Minister for Infrastructure, Planning and Housing
- Incumbent
- Assumed office 22 June 2016
- Prime Minister: Ulisses Correia e Silva

Personal details
- Born: April 1956 (age 69–70) Santiago, Cape Verde
- Children: 2
- Occupation: Civil engineer, writer, politician

= Eunice Silva =

Eunice Silva (born April 1956) is a Cape Verdean civil engineer, writer and politician from Santiago.

== Career ==
Eunice Andrade da Silva Spencer Lopes was born on Santiago, Cape Verde in April 1956 and was the second-eldest of nine siblings. She attended the Technical and Industrial Institute in Rostov, Russia and graduated with a bachelor's degree in civil engineering in 1980. Returning to Cape Verde in 1981 Silva joined the state-owned construction company and also became a member of the Organization of Cape Verdean Women (OCVW), a women's rights campaign group. She studied economics at the University of Havana, Cuba in 1995 and gained a Master of Business Administration degree from the Central Connecticut State University in 2001.

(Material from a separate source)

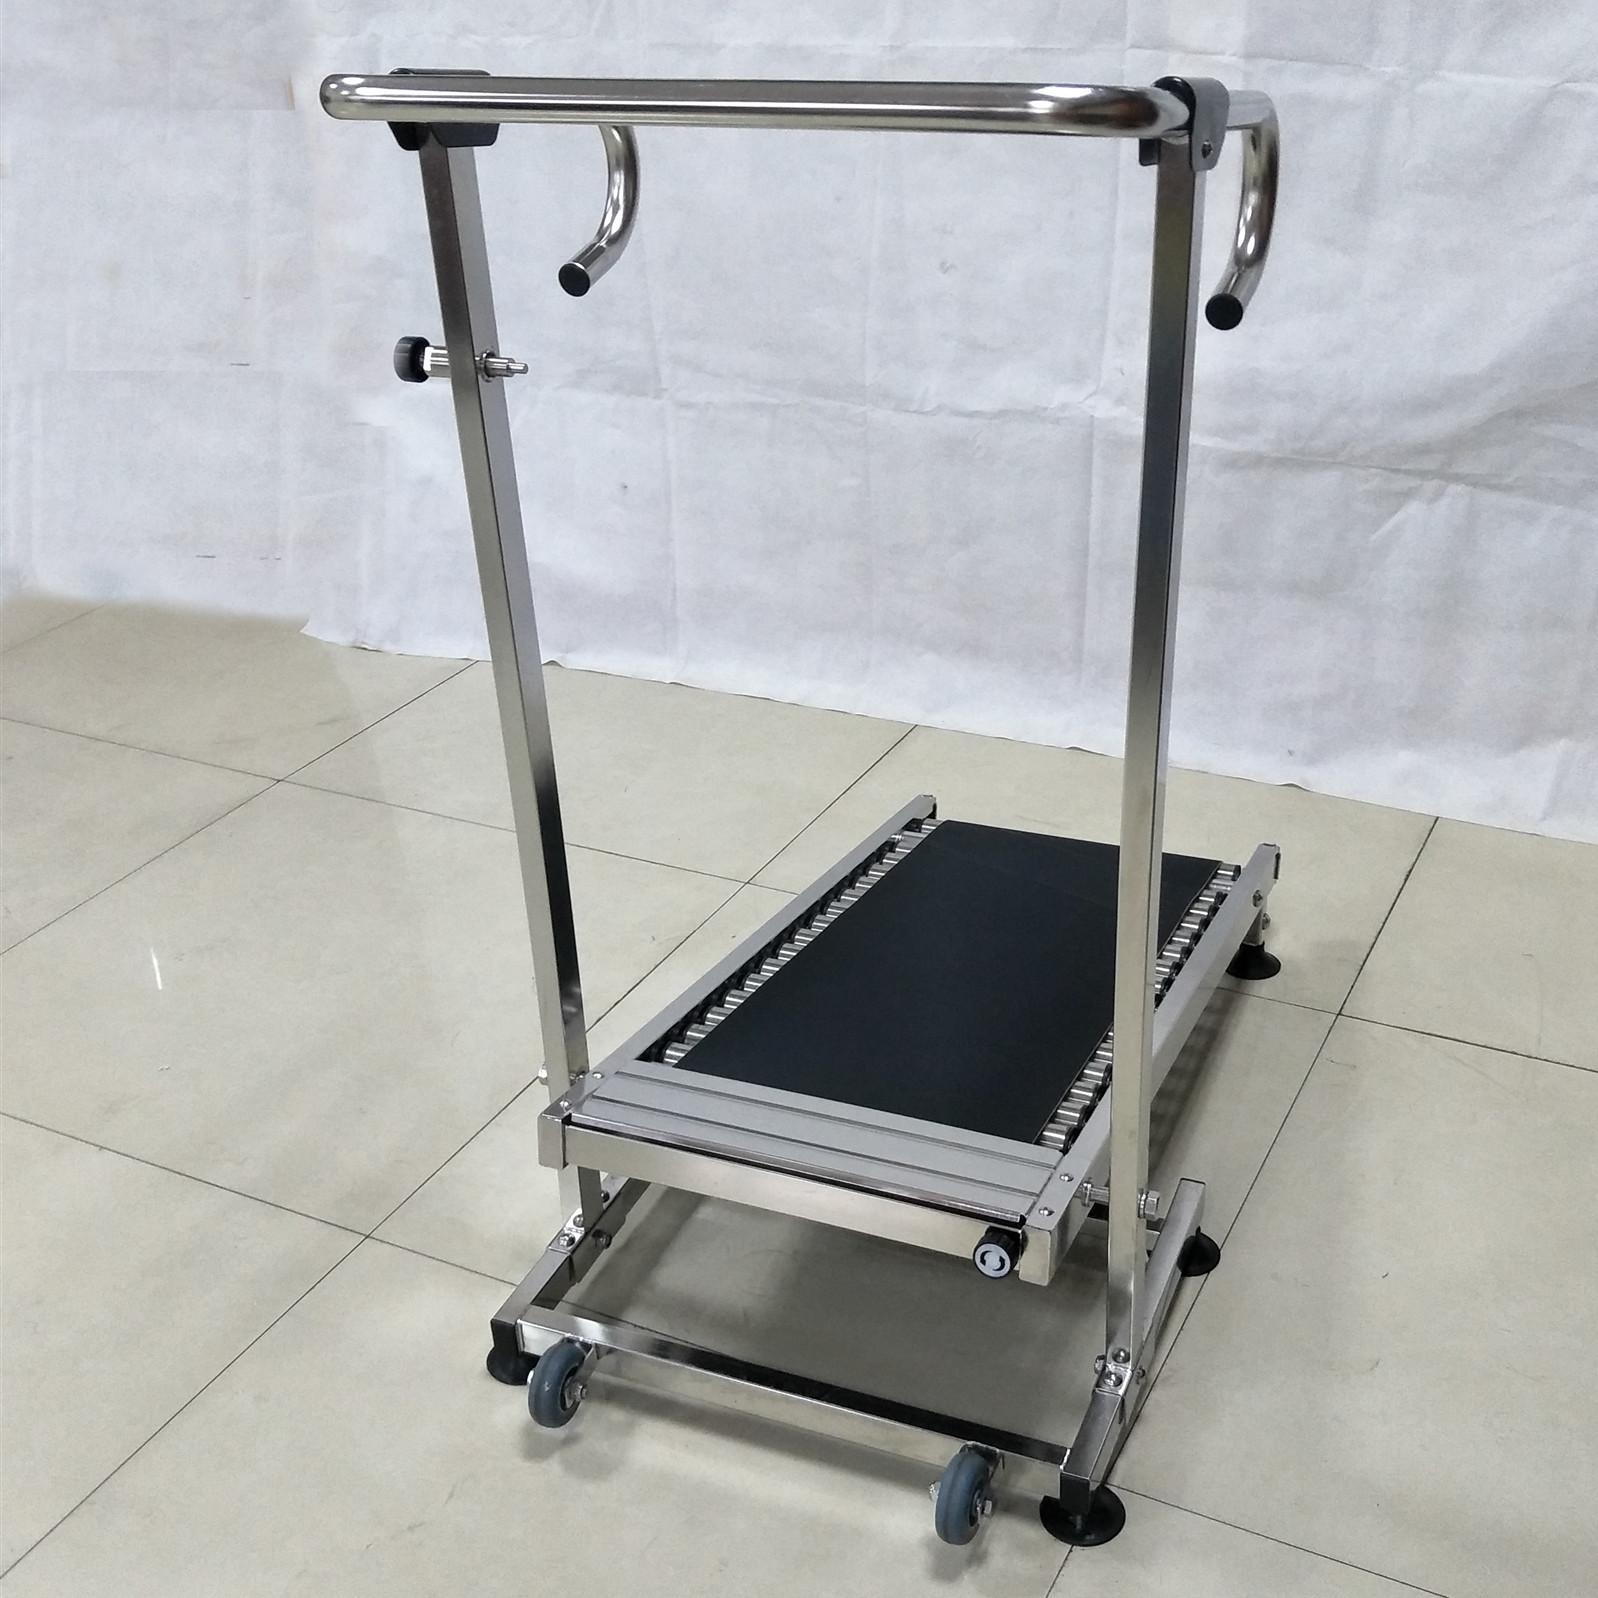 Pool cardio exercise used Underwater Stainless steel 304 Aquatic Training Treadmill

Upon returning to Cape Verde Silva joined the Ministry for Infrastructure, Planning and Housing, having resigned her membership of OCVW. She was director of the ministry's studies and planning office and sat on its public and private works permits commission. Silva later entered the private sector and became secretary-general of the country's contractors association.

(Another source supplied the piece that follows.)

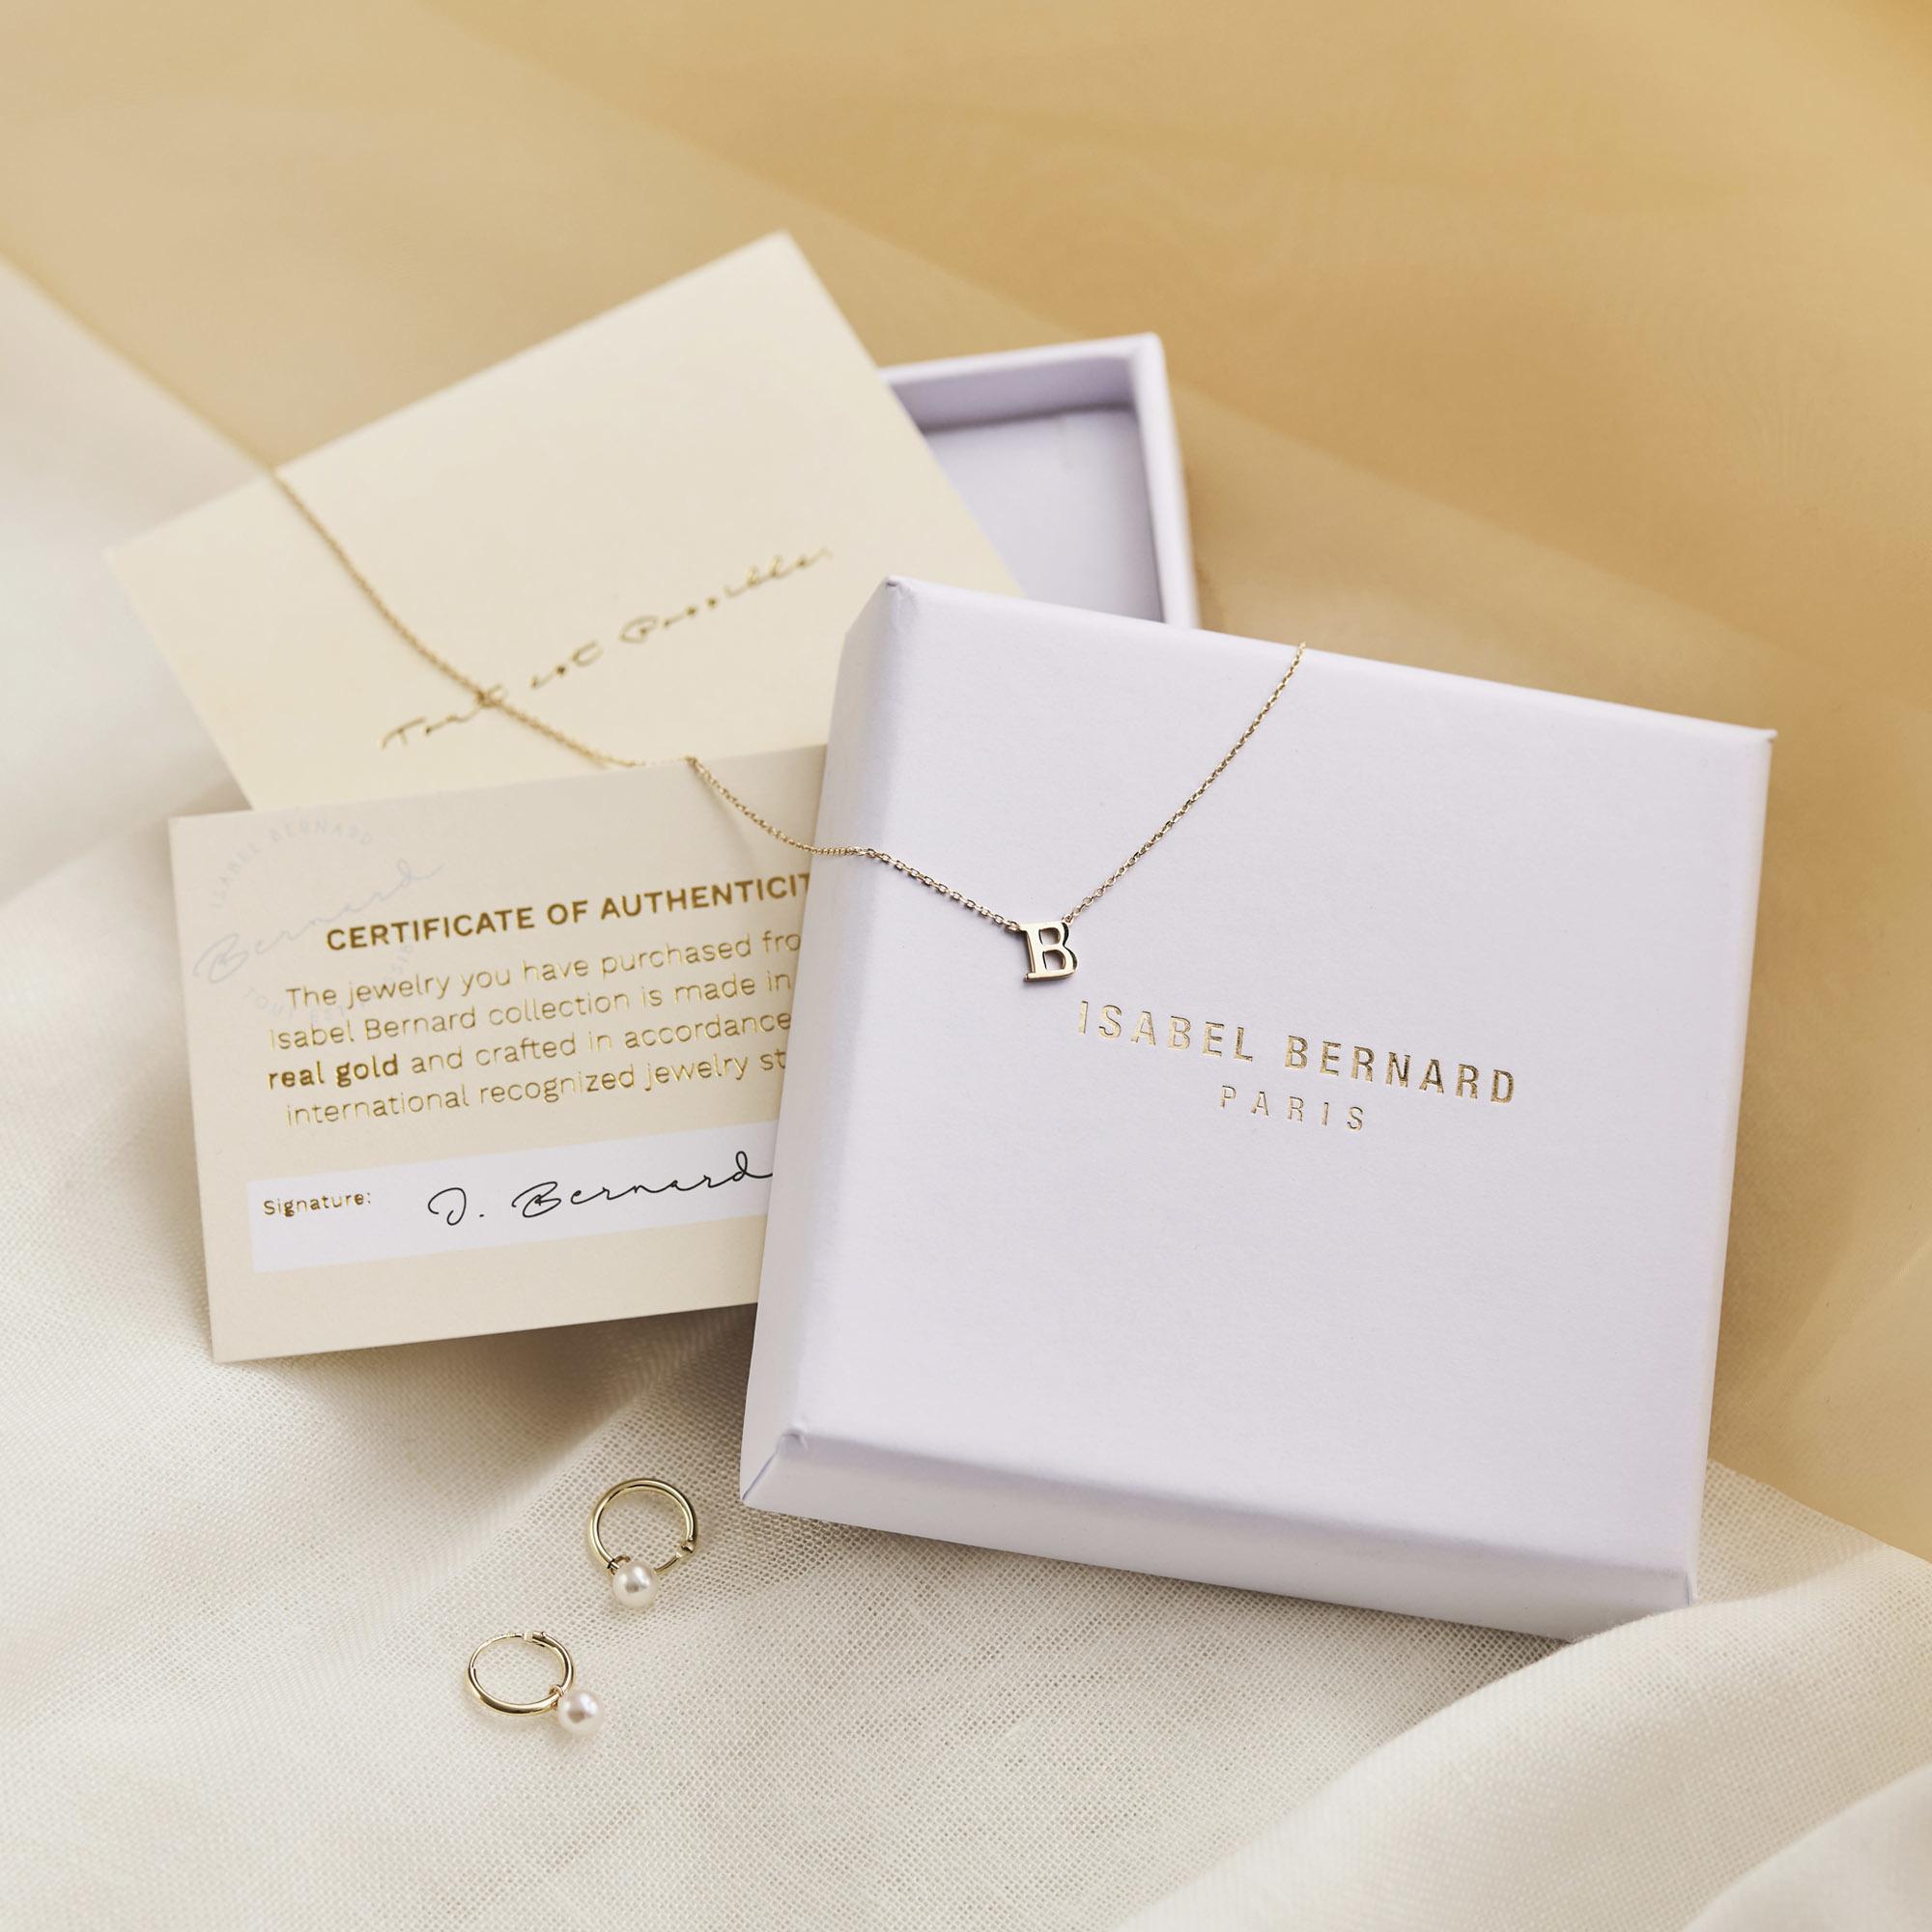 Isabel Bernard Rivoli Coline 14 karat gold bracelet rings with rings

Silva was elected to the National Assembly in 2011. She has since served as vice-president of the Economic, Environment and Spatial Planning Specialized Commission. and president of the Cape Verde Parliamentary Network for the Environment, Combating Desertification and Poverty. Silva arranged a nationwide vote in 2013 to determine Cape Verde's seven greatest wonders and subsequently produced the Cape Verde Wonders catalogue. She was in charge of the response to the 2014–15 eruption of Fogo, including provision of housing, money and employment to those affected. Silva also presided over the parliamentary inquiry into the loss of the Vicente ferry on 8 January 2015 which caused the deaths of 15 people.

On 22 June 2016 Silva was appointed Minister for Infrastructure, Planning and Housing in the Movement for Democracy cabinet of Ulisses Correia e Silva.

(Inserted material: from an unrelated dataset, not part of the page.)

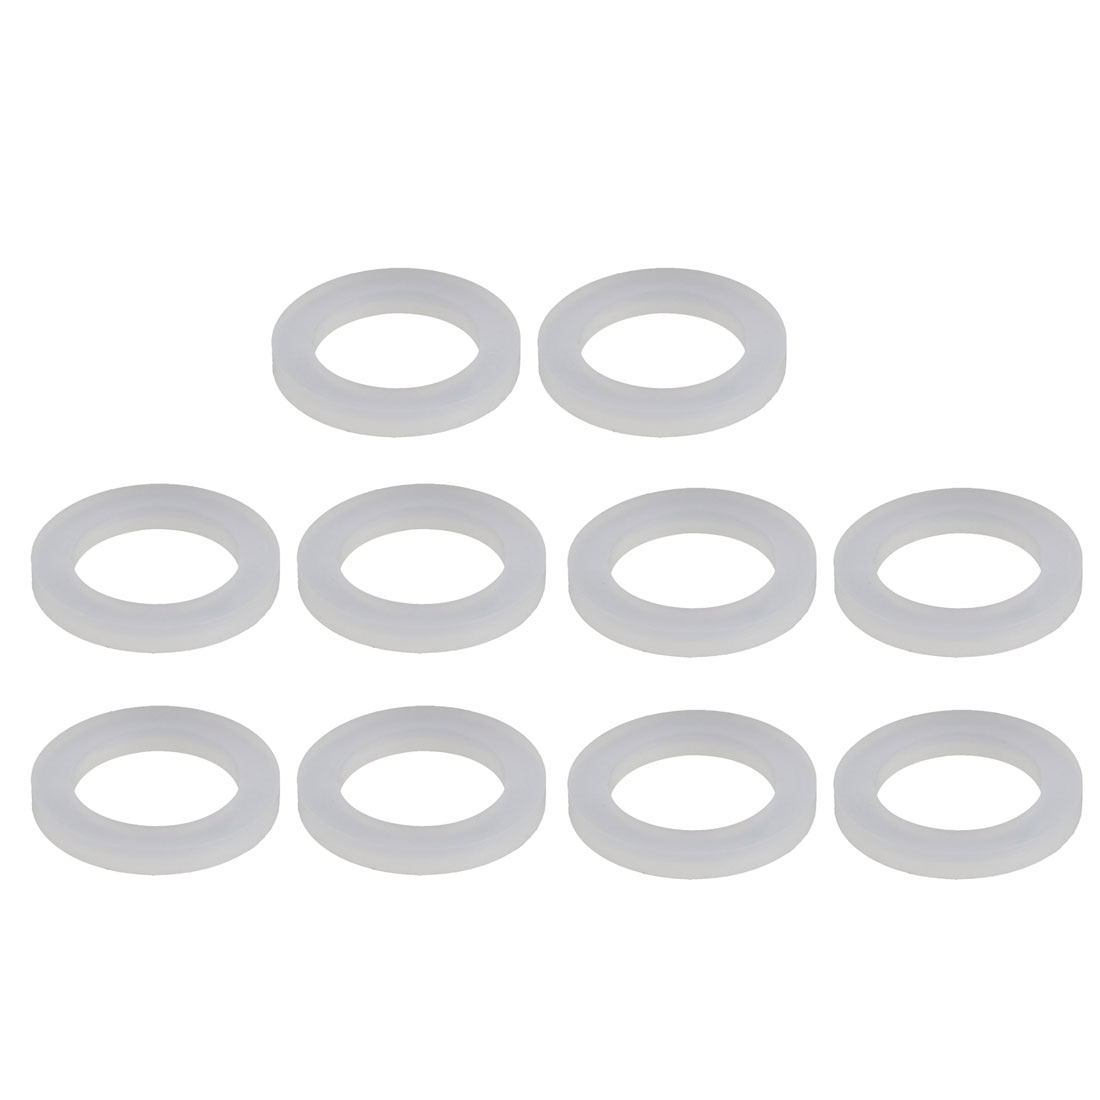 10pcs White Silica Gel Round Flat Washer Assortment Size 16x24x3mm Flat Washer

Silva is also vice-president of the Alliance of Parliamentarians and Local Elected Representatives for the Protection of the Environment in Countries on the West African Coast (APPEL), a grouping of elected officials of the members of the Subregional Fisheries Commission (Cape Verde, The Gambia, Guinea, Guinea-Bissau, Mauritania, Senegal, Sierra Leone).

Silva has written for Cape Verde newspapers on matters of urban planning and society. She is married, has two children and three grandchildren.